For Democratic council candidates running in Secaucus – who were devastated by the resignation of Mayor Dennis Elwell last summer after he was charged with accepting a bribe – appearing on column A may help their chances.
Democratic council candidates Dawn McAdam, Frank Trombetta, and John Reilly will appear in a column that is headed by Gov. Corzine, Lt. Gov. candidate Loretta Weinberg, Assembly members Joan Quigley and Vincent Prieto, and Surrogate Judge Don De Leo.
Finding Councilman Mike Gonnelli – who is running unopposed for mayor in this election – or his running mates Robert Costantino, John Bueckner, and William McKeever may be a little more difficult.
Unlike most municipalities in Hudson County, Secaucus municipal elections are partisan, which means candidates are listed on party lines: Democrat, Republican or Independent.
If Gonnelli was running as a Republican, he would have an easier time because he would be listed under Christie in column B (Christie is expected to win Secaucus on Nov. 3).
But as independents, the Gonnelli team will line up under Independent candidates in column C starting with Gary Stein, Cynthia Stein, and Christopher Daggett for governor, Herbert Shaw for state Assembly, and Agha Khan for surrogate.

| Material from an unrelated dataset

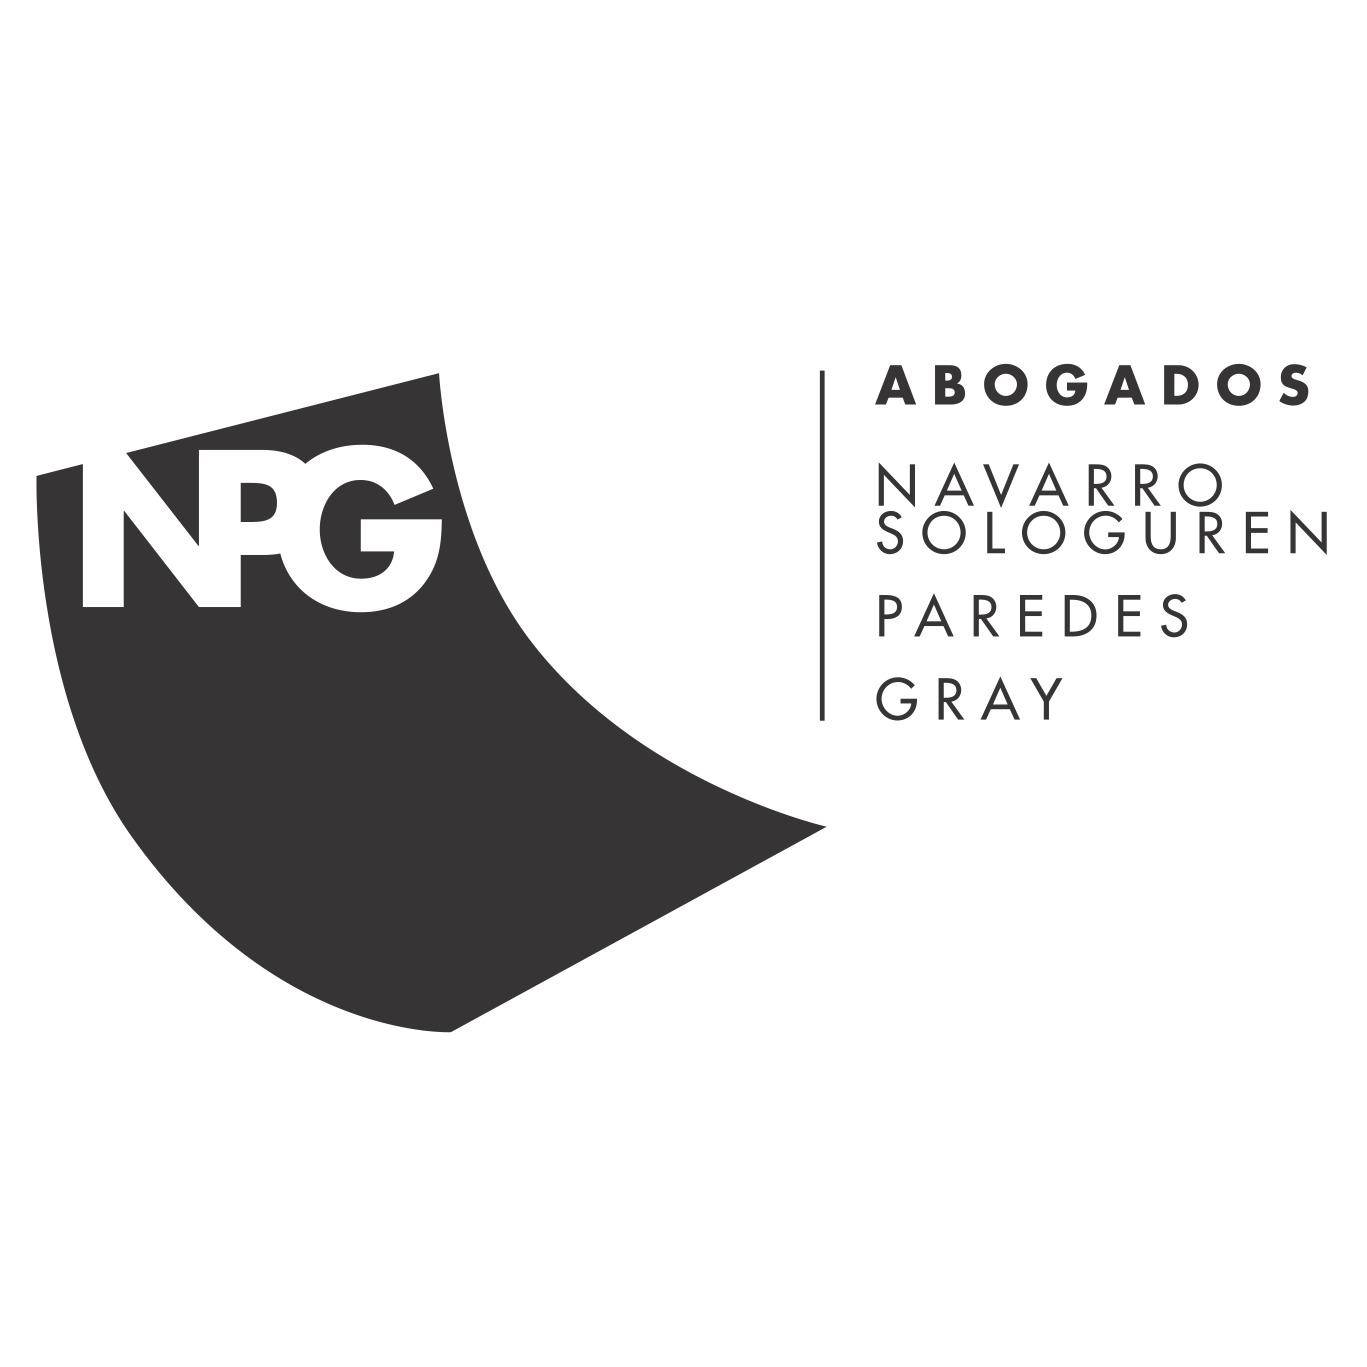 the Navarro Sologurren Paredes Gray logo.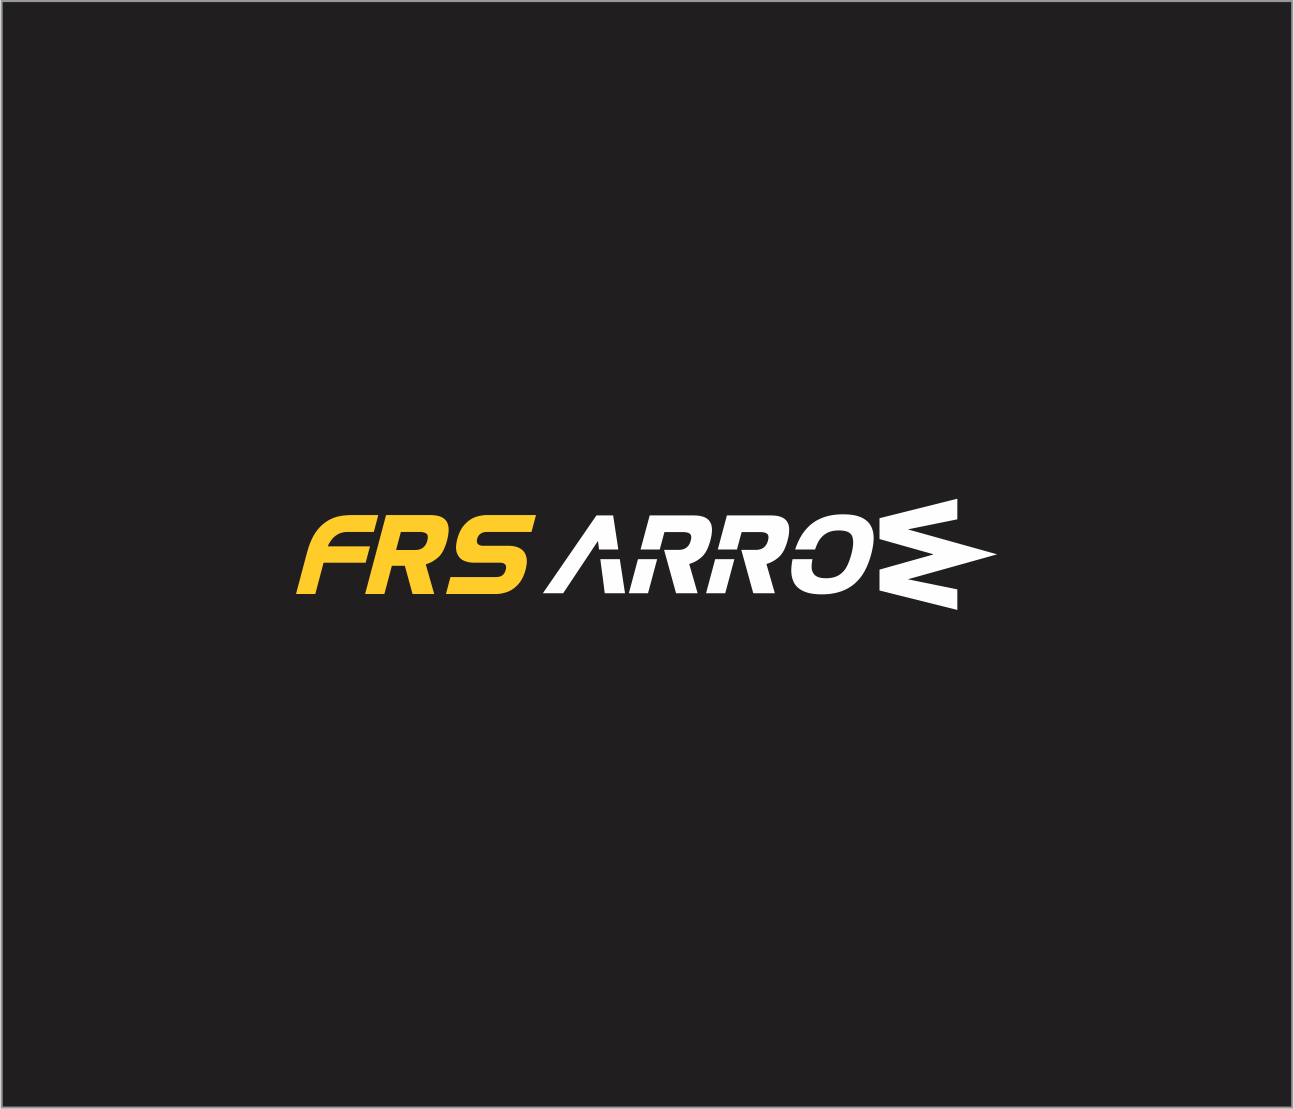 Logo Design by Armada Jamaluddin - Entry No. 113 in the Logo Design Contest Fun Logo Design for FRS.

Bayonne ballot is less confusing

In Bayonne, the situation is a little easier, where six candidates are running to fill the unexpired term of Councilman Anthony Chiappone. Each candidate’s name appears in a different column after the Democrats and Republicans, with Debra Noble on the inside track, followed by John Cupo, Leonard Kantor, Terrance Ruane, Ramon Veloz, and Stanley Marko.

Elections coming Nov. 3

In Hoboken, where seven candidates are running in a special election to fill the unexpired term of Mayor Peter Cammarano (who resigned after being charged with taking a bribe), Patricia Waiters, has the inside track on column C, followed by Beth Mason, Frank Raia, Nathan Brinkman, Everton Wilson, incumbent Mayor Dawn Zimmer, and former Municipal Judge Kimberly Glatt.
Hoboken, Weehawken, Union City, Guttenberg, and West New York, and a portion of Jersey City, voters will also see a contested state Assembly race, with incumbent Assembly members Ruben Ramos Jr. and Caridad Rodriguez challenged by Republicans Beth Hamburger and John Barbadillo.
In the 31st district, which encompasses a large portion of Jersey City, voters will have to decide if they will reelect Assemblyman Anthony Chiappone, who is facing state charges for allegedly misdirecting state funds for payment to his aides into his personal and political reelection accounts.
Chiappone is running with Charles Mainor on the Democratic line in Column A, challenged by Republicans Irene Kim Asbury and Marie Day, as well as independents Neil Scott and Omar Dyer.
Guttenberg also has a municipal election. Incumbent Mayor Gerald Drasheff and his slate of commissioners Monica Fundora, John Habermann, Efrain Velez, Para Concejal de la Ciudad, and Alfonso Caso are running unopposed.